Sustainable Fashion Production in Berlin

We have already looked at sourcing raw materials for the garment industry from a city’s waste. Cities consume 75% of the world’s natural resources (Ellen McArthur Foundation, 2021). Besides the materials used, the way clothes are made also has a big impact on the environment. A pair of fast fashion jeans has travelled up to 50,000 km across several contingents by the time it is bought and used in our country. This is not a sustainable production method. How can the fashion production be made sustainable and local?

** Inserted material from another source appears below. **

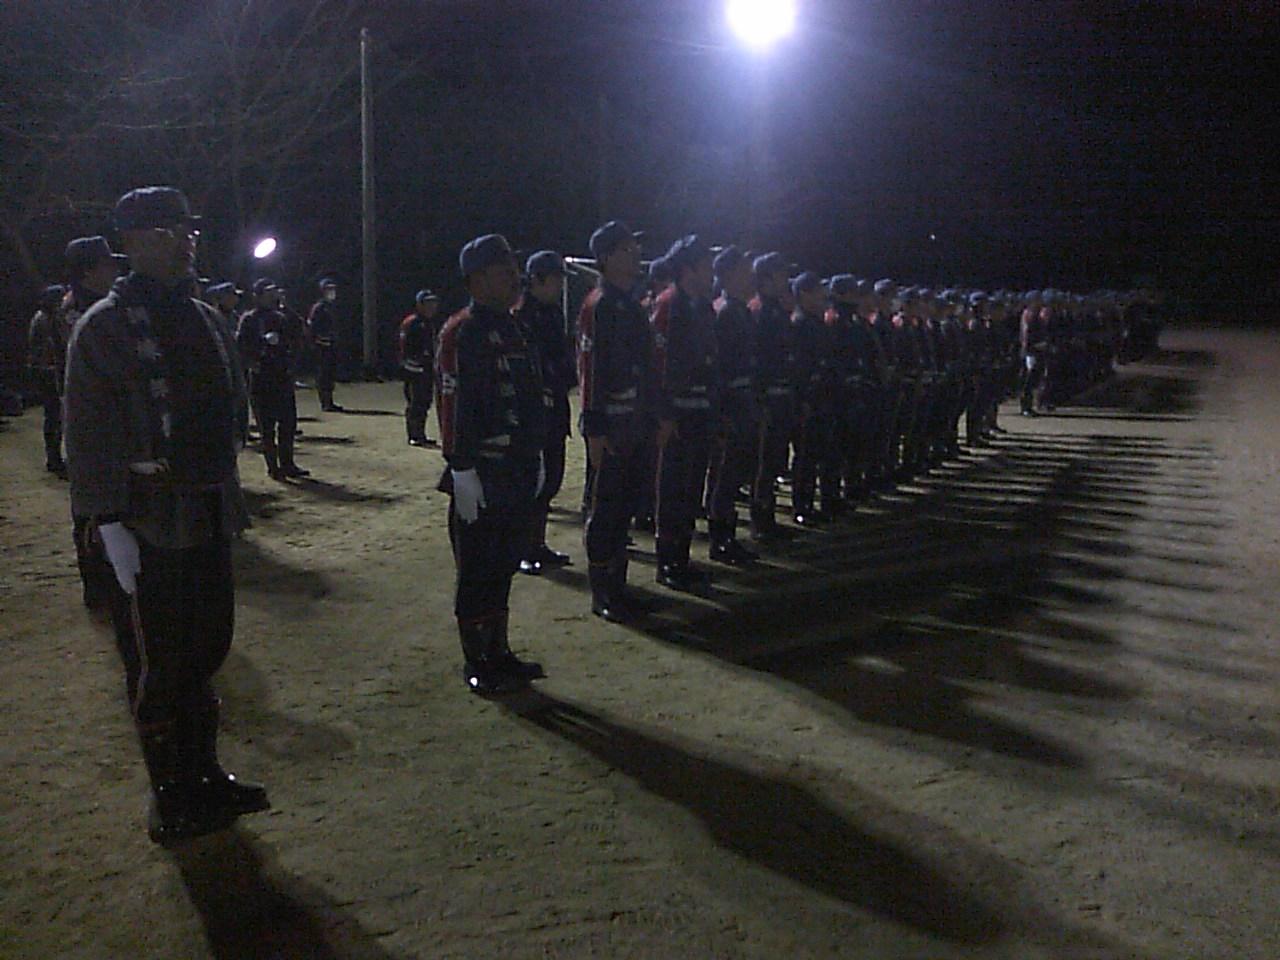 今年も消防団の規律訓練_e0068696_11564255.jpg

In Germany, only about 10% of the textile production is left. Many manufacturers have relocated production and the associated environmental and social problems abroad, mostly to Asia. The textile industry is one of the oldest and, in terms of number of employees and turnover, one of the most important branches of the manufacturing industry. It manufactures textile products from fibres, such as spun yarns, woven fabrics, felts, nonwovens, stitch-bonded fabrics and knitted goods, which are further processed by the clothing industry, among others.  It is upstream of the clothing industry. In Central Europe, there are almost no companies left in which all production stages from raw material to end product are carried out. The companies in the textile and clothing industry have a strong division of labour and are internationalised. Almost no clothing is produced in Germany any more, although some of the largest clothing producers are located in Germany (Wikipedia).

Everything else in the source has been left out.